This time last year I received a letter from my local MP, Julian Lewis, on what the UK Parliament were doing to tackle the problem of waste within the government. In that letter, Lewis discusses a mixed recycling scheme of various materials that are used in Parliament and claims that no waste produced in Parliament goes to landfill.

The letter I received from Julian Lewis last year


Lewis also goes on to discuss a review that was going into the use of single-use plastics that are being consumed in the House of Commons and briefly mentions a number of initiatives and pilot schemes that are being trialled in an attempt to reduce the amount of waste produced in Parliament.

I wrote to my local MP to support a campaign by Surfers Against Sewage to get rid of single-use plastics being used in Parliament. In 2017, the House of Commons and House of Lords together used over 2 million avoidable single-use plastic items. These include items like plastic cutlery, straws and stirrers, single serve condiments and coffee cups.

Even if none of this single-use plastic goes to waste in Parliament, there are many more environmentally-friendly alternatives that can be used instead, and Parliament should be doing everything they can to remove single-use plastics.

What has Parliament Done to Tackle Plastic?

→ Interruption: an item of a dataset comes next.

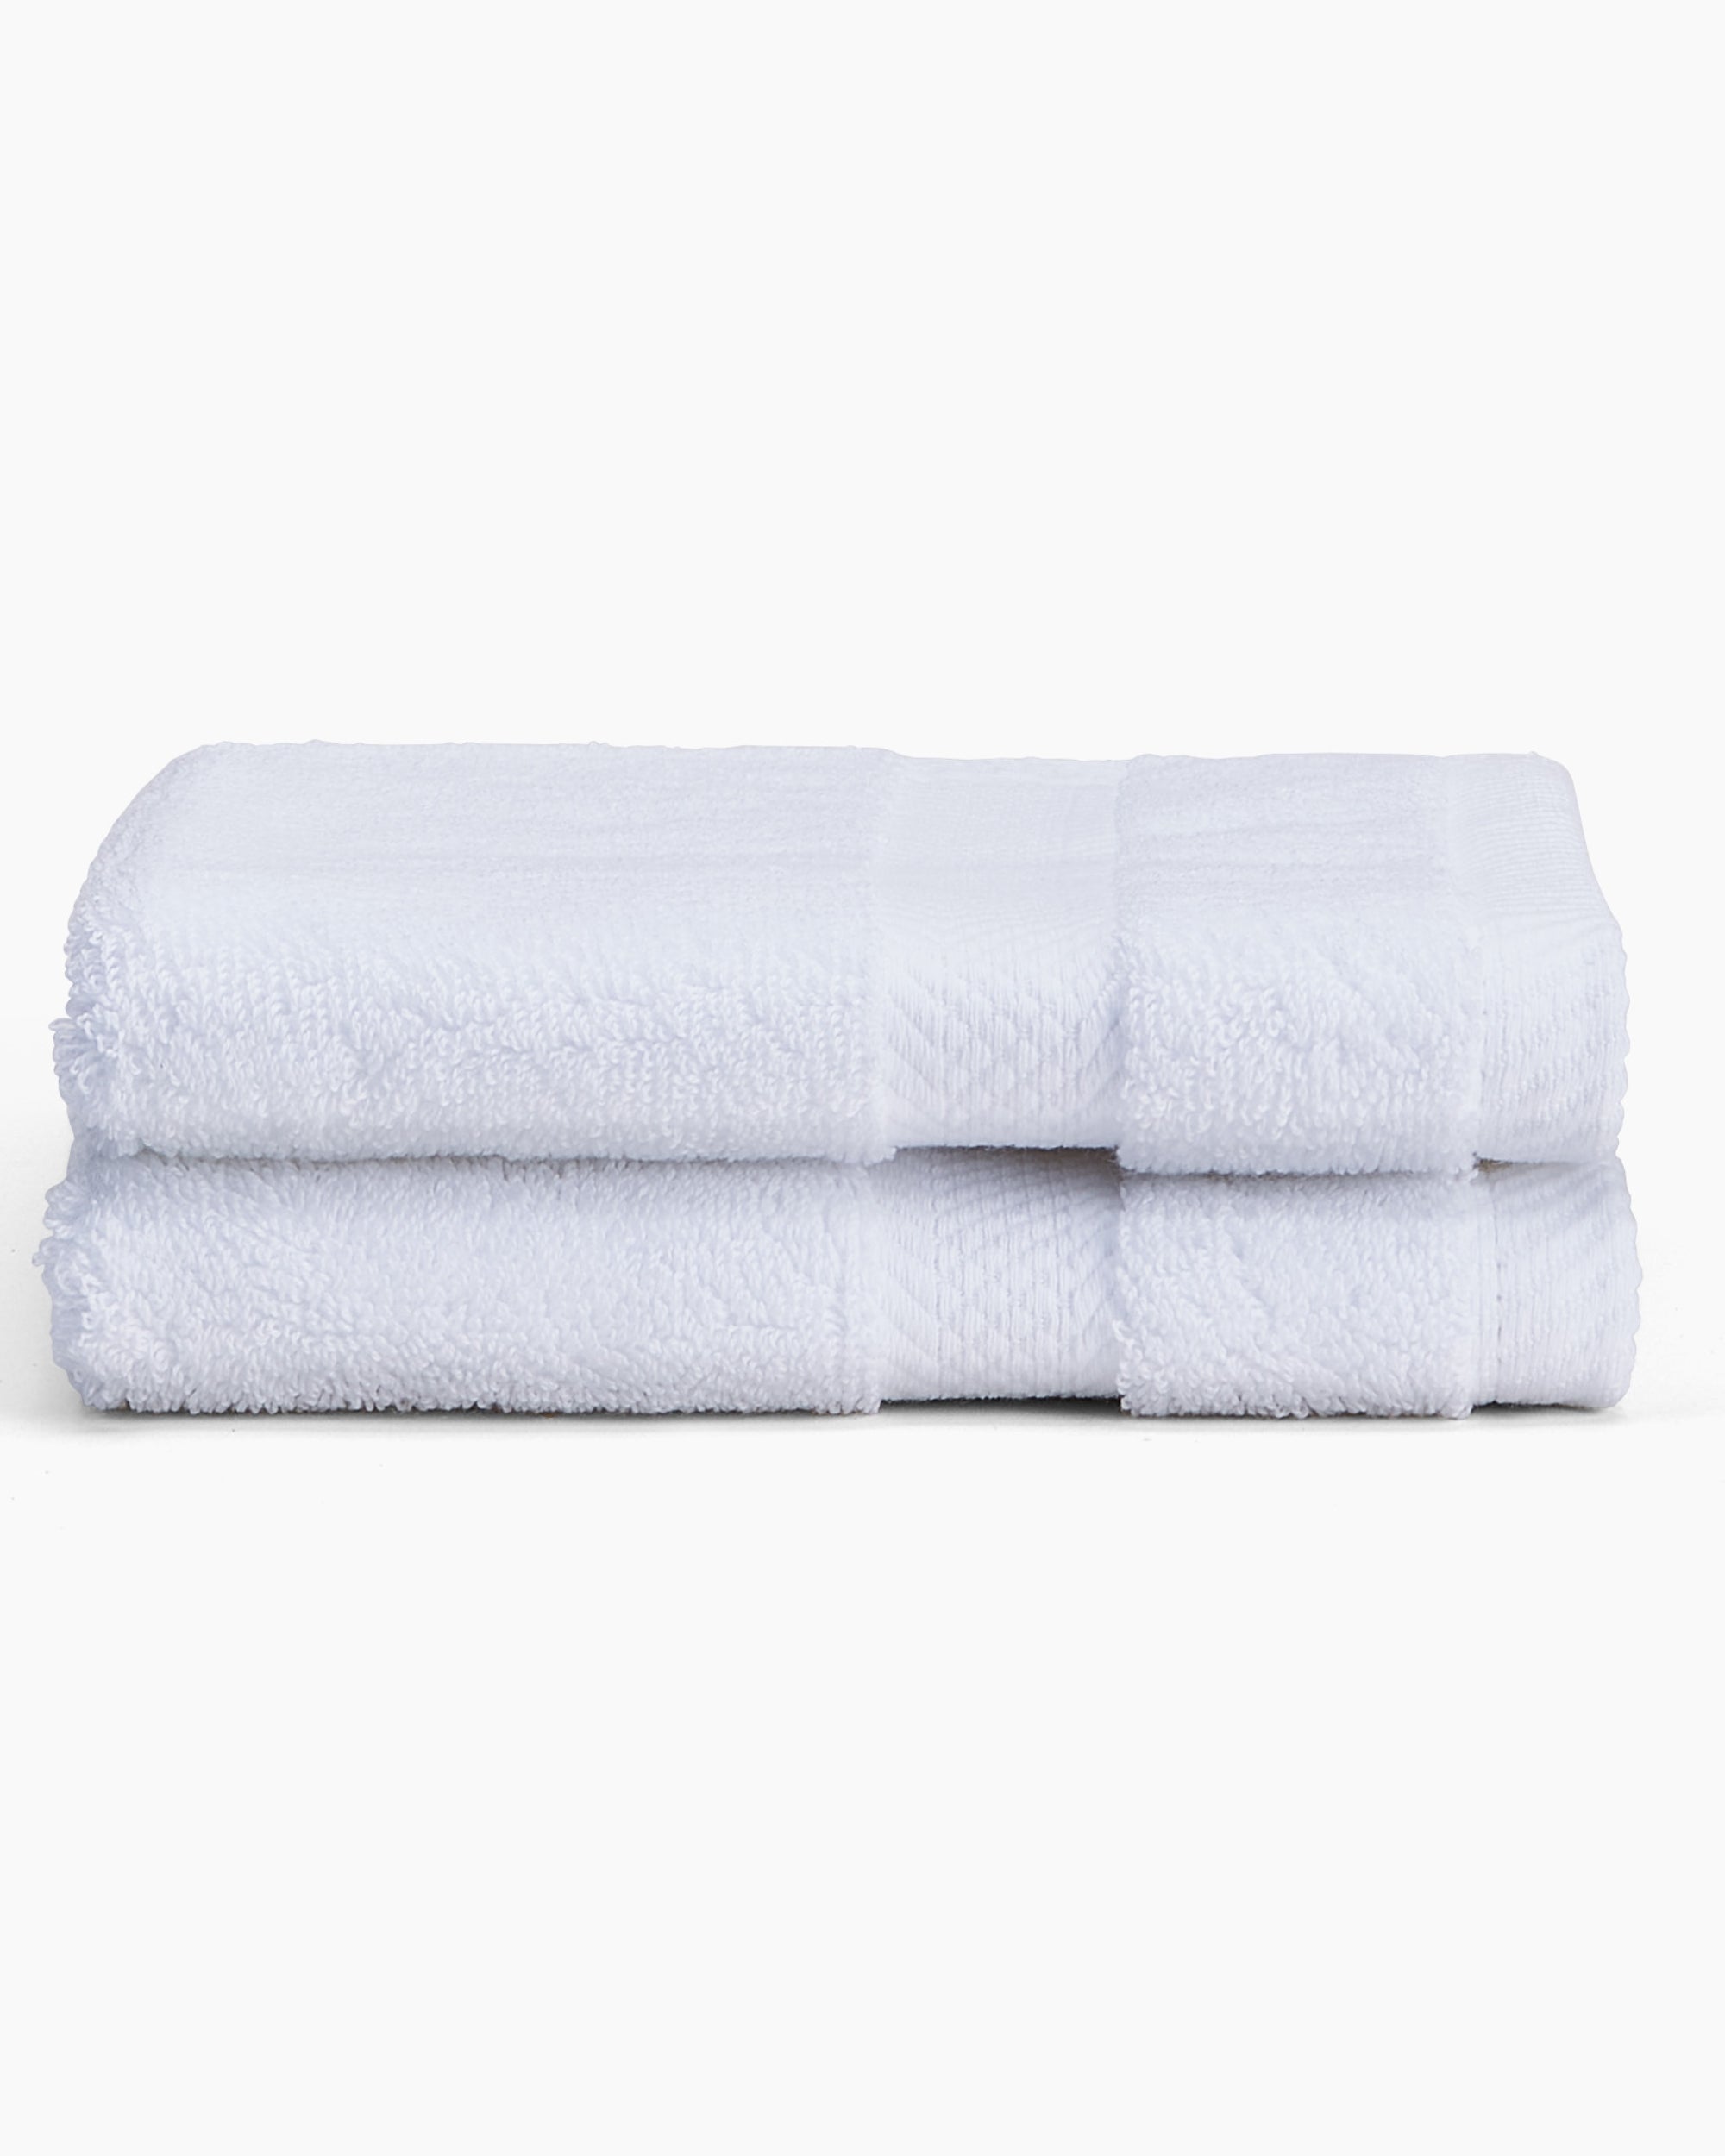 American made washcloths with the softest cotton grown in the USA

In May last year, Parliament announced that it was planning to tackle the amount of single-use plastics used in the House of Commons. The steps that were announced mirror a lot of what is being done up and down the UK, but in some cases go even further.

Below is a full list of all the changes that were due to be enforced by this year:

  • Eliminate sales of water in plastic bottles
  • Introduce a 25p additional cost on hot drinks purchased in disposable cups (trial)
  • Sell reusable cups to encourage behaviour change away from single-use disposables
  • Incentivise use of reusable cups through additional loyalty rewards in the House of Commons and continued discounts in the House of Lords
  • Introduce fixed condiment sauce dispensers in the House of Commons
  • Substitute disposable catering items (including plastic-lined coffee cups) for compostable alternatives and introduce a compostable waste stream (including the purchase of 800 additional bins)
  • Replace plastic drinks tumblers with compostable cups across both Houses
  • Replace plastic carrier bags with paper ones in retail outlets
  • Implement a ‘green stationary’ catalogue
  • Produce procedures for incorporating the environmental impact of packaging into the weighting of relevant procurement and tender exercises
  • Pilot a reusable packaging ‘totes’ scheme for deliveries

One of the more impressive proposals made by Parliament is the total ban on the sale of water in plastic bottles. Doing so would immediately remove 125,000 plastic bottles from the annual waste stream. In order for water to remain available, Parliament plans to increase the number of water dispensers installed in Parliament buildings.

The increase of compostable products taking the place of single-use plastics also means that more bins will be installed in Parliament to ensure that these products are disposed of effectively.

The House of Commons Catering Services is key in removing single-use plastics from waste streams and make the necessary changes to reduce the amount of food waste produced. Changes the catering company make here directly impact the amount of waste produced in both the House of Commons and House of Lords.

Disposable coffee cups still exist but they are no longer plastic. A change made in October last year now means that rather than the normal plastic or ‘biodegradable plastic’, disposable coffee cups and some other food and drink disposable items are made entirely from plant fibres that are totally compostable. Catering Services also provide the opportunity for MPs and other staff to purchase reusable coffee cups and have added an additional charge for the use of disposable coffee cups.


Some MPs embraced the changes away from single-use plastics


There are still some other single-use plastic items supplied by Catering Services that they have not been able to change yet for a variety of reasons. Some changes would still be too costly to implement, some are just not yet possible. But Catering Services constantly review more environmentally-friendly alternatives and have removed a number of the worst materials from the supply chain.

Are they Going Far Enough?

In order to tackle the problem of single-use plastics, the proposed changes certainly go some way to reducing the amount that is produced in Parliament. It will be interesting to see what kind of results the proposed changes have on the amount of single-use plastic generated as well as the total waste more generally.

Do they go far enough though? The majority of the proposals by Parliament are as far as high street coffee shops or supermarkets are going; as good as they are, they’re not going to solve the plastic crisis.

It’s a complex issue and unfortunately there is no easy solution, but what more do you think the UK Government could do to tackle the problem of plastic in Parliament?